Stephen Mitchell, Head of Strategy, Global
The referendum decision to exit the European Union has seen the pound fall further against a basket of global currencies, a move that had already begun prior to the vote as polls indicated the “Leave” campaign might win. When it comes to corporate earnings and shareholder returns, ‘Brexit’ is now likely to result in a prolonged period of uncertainty and pain-staking assessment by the market to better ascertain the likely implications for specific companies. The environment may be especially challenging for banks and insurance companies.
John Chatfeild-Roberts, Head of Strategy, Independent Funds
The British public have spoken and, despite the polls being close for several weeks, this referendum result will have caught politicians and central banks in the UK and abroad ‘on the hop’. There are many moving parts to the global investment landscape to consider and ‘Brexit’ is just one of them.
Even though there have been falls in stock markets, it is important to remember that weakness in the pound is good news for many UK companies, particularly exporters who gain an immediate price advantage against their overseas competitors. Furthermore, that weakness in the pound gives an immediate increase in the sterling value of overseas investments.
It is important to stress that, despite the current uncertainty about the future, the UK will remain a member of the European Union for at least the next two years while the details of life outside the union are negotiated. We believe the UK economy is still robust and there are opportunities from ‘Brexit’ as well as risks, as indeed was the case when the UK was ejected from the Exchange Rate Mechanism and when we opted not to join the Eurozone during the 1990s.
Steve Davies, Head of Strategy, UK Growth
The UK domestic economy has held up surprisingly well in the run up to the referendum, aided by the fact that disposable incomes are still rising by some 7% year-on-year (according to ASDA’s income tracker). The uncertainty of ‘Brexit’ poses some threat to this: companies are less likely to invest in the UK during the negotiation process and there is also likely to be a hit to consumer confidence, while a weaker pound may lead to higher inflation. One offsetting factor may come if the Bank of England chooses to reduce interest rates from here or introduce a further round of stimulus in an attempt to boost the economy.
One final thought: a falling pound combined with a hit to the share prices of UK domestic assets is likely to reignite merger and acquisition interest in UK companies from overseas and I would expect the Chinese to be right at the front of that queue.
Alastair Gunn, Fund Manager, UK Value and Rhys Petheram, Fund Manager, Fixed Interest & Multi-Asset
Markets hate uncertainty, but there will most likely be plenty in the months ahead. However, we expect that investors prioritising lower risk investments and fears of a recession assuaged by prolonged low interest rates and economic stimulus to be positive for UK government bonds.

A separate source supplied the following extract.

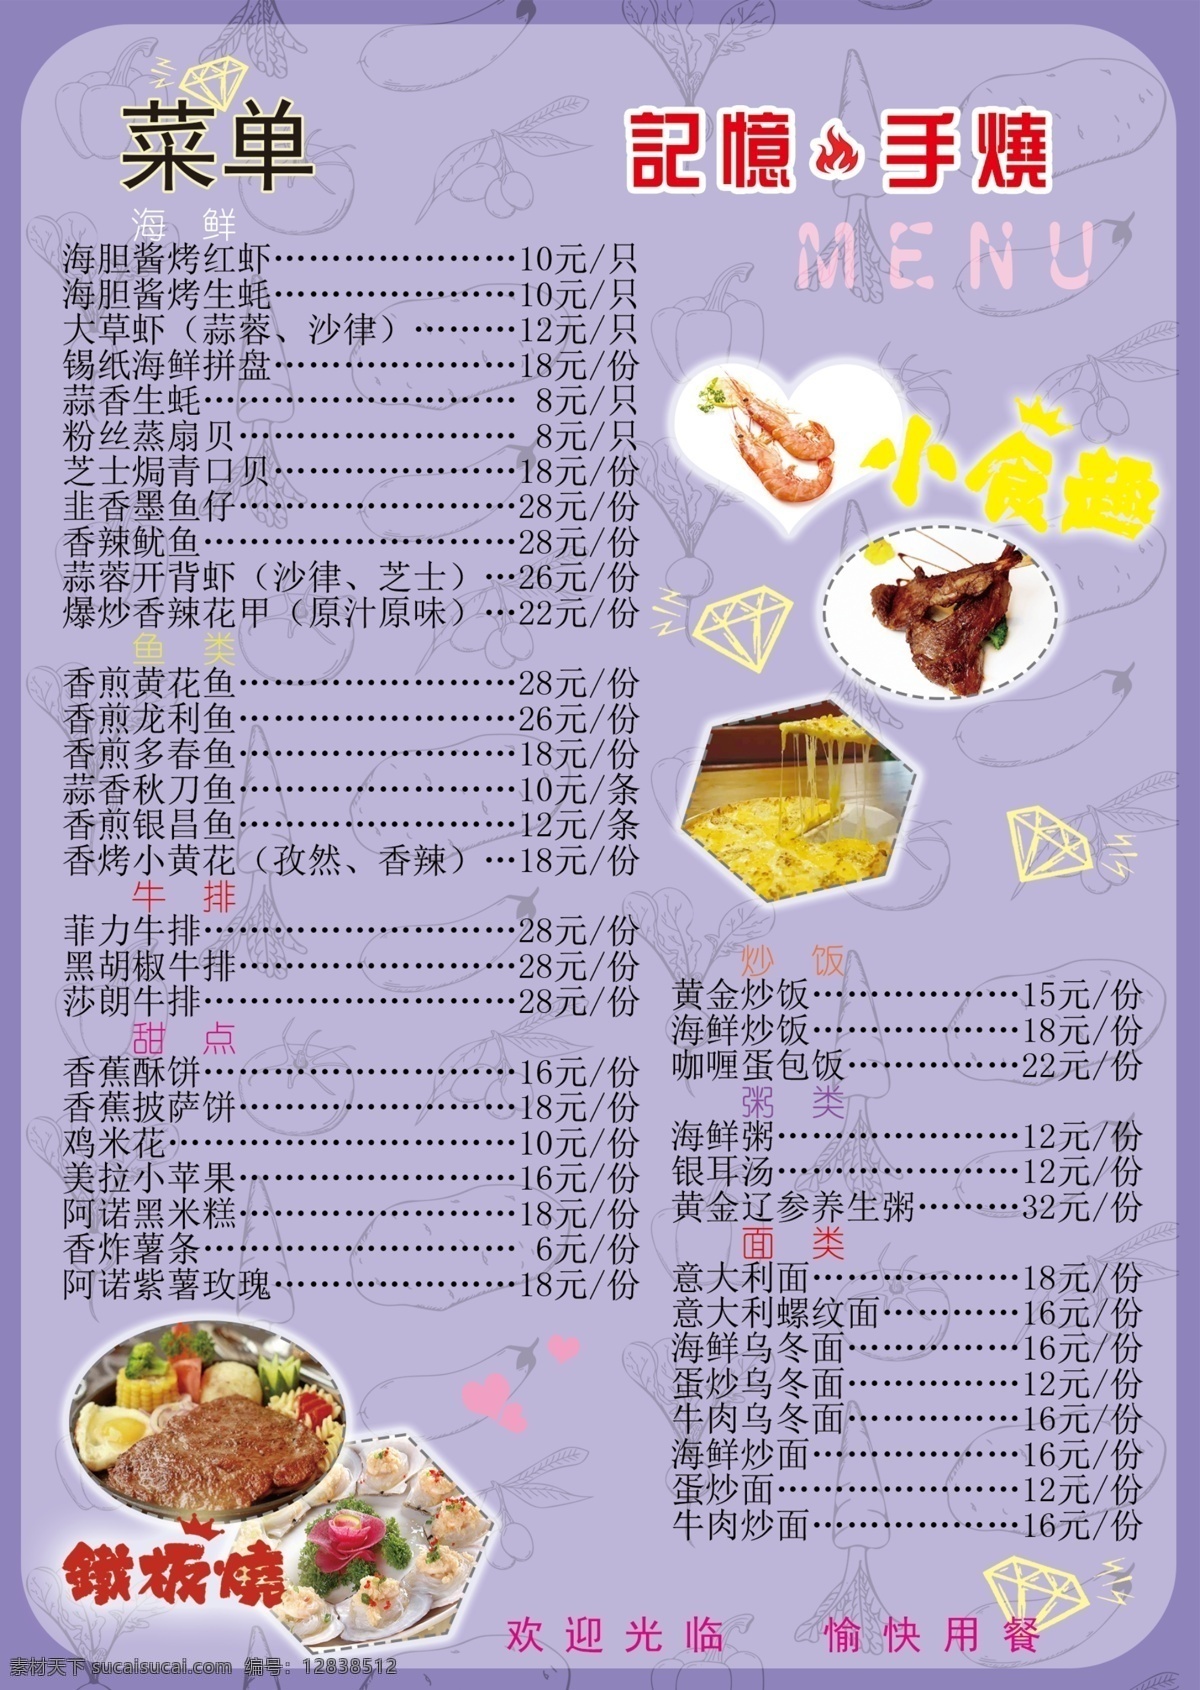 菜单 菜谱 蓝色 紫色 背景 模板 蓝色紫色 模板2 宣传页

We think the market’s knee-jerk reaction (particularly as it relates to the shares of domestic UK companies) could be followed by some sharp snap backs later in the year as life, having no alternative, goes on. Away from the domestic arena, companies with significant overseas earnings are likely in our view to report higher profits due to a weaker pound. In the medium term, we expect greater volatility will arise from the uncertainty about the shape of future trade relations, but there will be opportunities too.
This commentary is for informational purposes only and is not investment advice. The views expressed are those of the author at the time of writing and are not necessarily those of Jupiter as a whole and may change in the future. Every effort is made to ensure the accuracy of the information but no assurance or warranties are given. Market and exchange rate movements can cause the value of an investment to fall as well as rise, and you may get back less than originally invested.